The Marker’s Apprentice was a marking system used at the University of Nottingham, developed by myself and my supervisor (Dr Colin Higgins). It was responsible for assessing several thousand student coursework solutions in both the UK and China. It allows the management of courseworks and electronic submission via a webpage. The webpage communicates with a back-end server using Java RMI and reads a pre-defined set of marking ‘tools’. Each tool has it’s own configuration and is responsible for measuring functional correctness, code style (Using PMD), structure (Custom PMD rulesets). It provides highly customised results with details on how to fix mistakes and more importantly, why they are problematic. It gave links to further reading for any areas in which students lost marks. For some exercises, resubmissions were allowed to give the student an instant feedback loop (Submit, learn from results, submit again).

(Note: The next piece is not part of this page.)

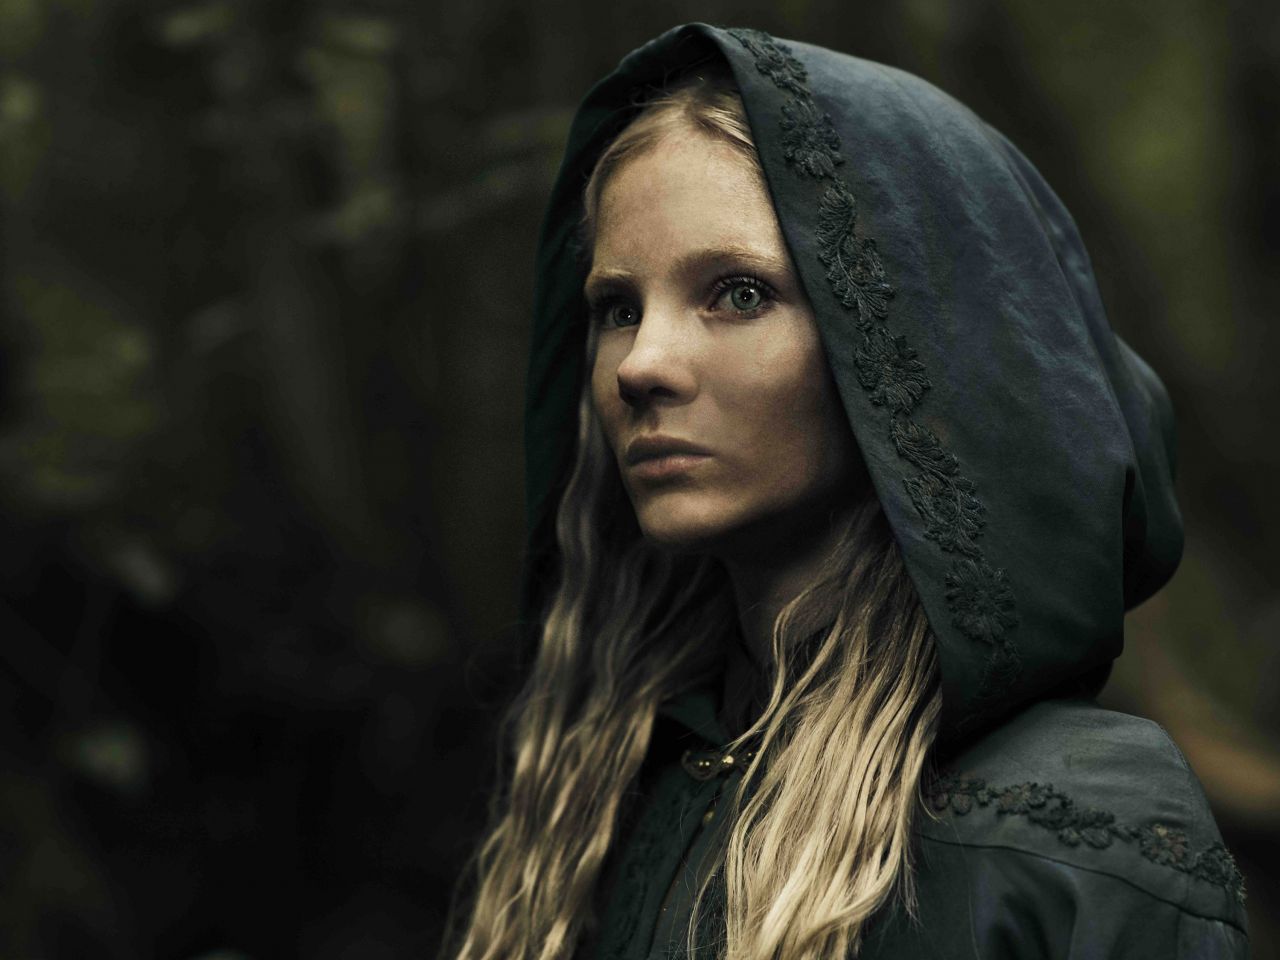 Freya Allan “the Witcher” Season 1 Promoshoots 2019 Celebmafia

My supervisor and I wrote several publications on how it worked and the effectiveness of it; you can read some of them here:
Computer Science Education: Static analysis of programming exercises: Fairness, usefulness and a method for application. Link: http://www.tandfonline.com/doi/abs/10.1080/08993408.2016.1179865
Practitioner Research in Higher Education: Measuring the impact of high quality instant feedback on learning. Link: http://126.96.36.199/ojs/index.php/prhe/article/view/318
Nutbrown, S., Higgins, C., Beesley, S. (2016) ‘Measuring the impact of high quality instant feedback on learning’, Practitioner Research in Higher Education Journal, Special Assessment issue, 10(1)
Beesley, S., Nutbrown, S. and Higgins, C. 2015. Preconceptions surrounding automated assessment - a study of staff and students. Fifth International Assessment in Higher Education Conference, June 2015.
Beesley, S., Nutbrown, S. and Higgins, C. 2014. A framework for facilitating feedback best practices based on a study of staff and students: in HEA STEM Annual learning and Teaching Conference 2014: Enhancing the STEM student journey.
For this work, as well as helping teach, I received a highly commended PGR Teaching Award in 2015.